Power from the wind? Florida, given the current cost of equipment, is not favorable for the production of wind generated power.

Certification

The certification of a home as “green” is accomplished through several different possible organizations. Two of the most recognizable in this marketplace are LEED (Leadership in Energy and Environmental Design) and FGBC (the Florida Green Building Coalition). LEED is administered under USGBC (the United States Green Building Council), a very large organization. FGBC is strictly a Florida based organization and is better equipped to deal more directly with local environmental issues. There are as many different points of view as there are people but, quite simply, I suggest LEED for commercial projects and FGBC for residential projects.

The process of certification goes something like this. A design professional (architect) can, if he/she is knowledgeable enough, design the project with all the necessary components required for “green” certification, or the design professional can engage a certified design professional that is an “expert” in “green” design, product awareness and the certification process. Once the Construction Documents (CD’s) are completed and the project is permitted the applicant retains a certifying provider which in turn provides a qualified “rating/inspecting” individual to verify the compliance of the structure, the siting of the structure and the construction process with the providers documentation. Most types of “green” certification rely on some form of point system.

Certification (and common sense) takes into account how a principal structure is placed on a site. In most residential situations there is little room for variation (as in narrow city lots or TND communities). It is reasonable to say that only the rural format (acreage) would allow for any real site planning. However, if one starts with a smaller footprint and combines it with a larger “subdivision” type of lot, possible variations could occur. One approach would be to select a model structure and then apply some basic site rules to then select the correct site for optimal orientations.

Site Considerations

From a permaculture point of view one would want a site to be as large as possible. From a TND perspective, not so much. Maybe it depends on your lifestyle… If you were to look at the SKY master Plan it would become obvious that Duany made allowances for both options and some in between.
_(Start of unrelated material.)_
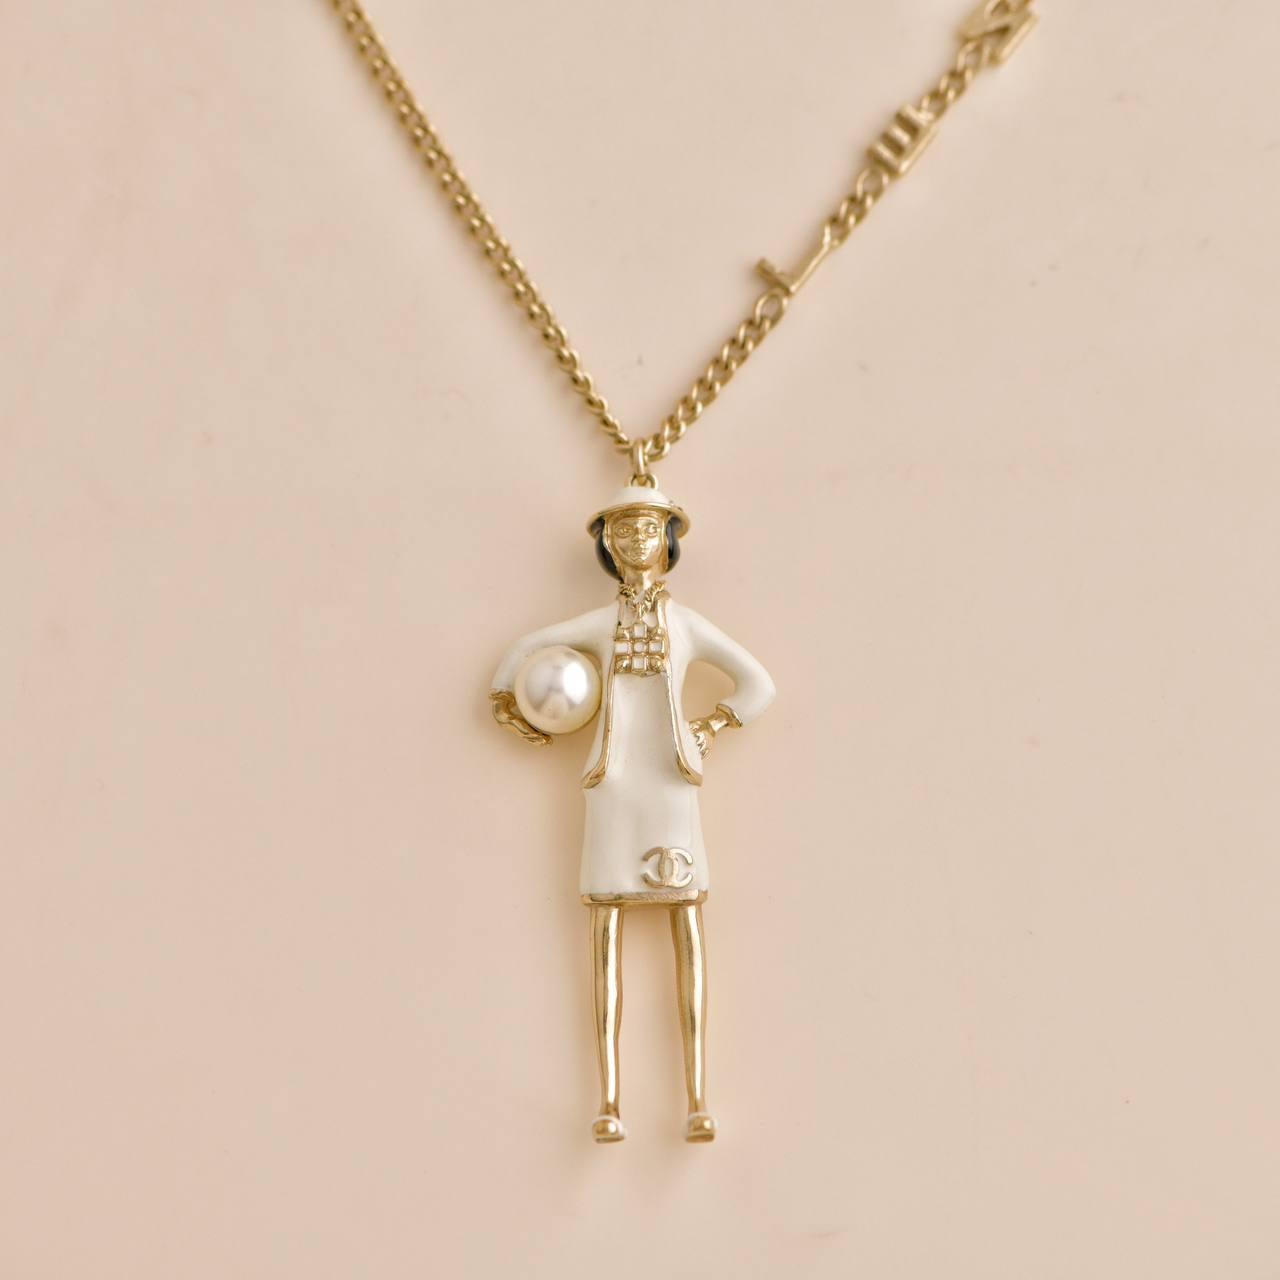 Chanel Coco Mademoiselle Figurine Enamel Gold Tone Necklace In Excellent Condition For Sale In Banbury, GB

The proper site will allow the principal structure to be situated with the majority of its roof to face south. This is done to accommodate solar water heating devices and PV panel placement on the roof. With a simple gable roof the ridge should run east-west. It is interesting to note that as the efficiency of PV increases and the cost decreases PV placement will have less and less importance since, at our latitude, the sun can be accessible, for the most part, when the panels are horizontal. If the site axis was north-south and the building ridge was east-west then the largest green portion of the lot, possibly oriented toward the kitchen, would accommodate the garden.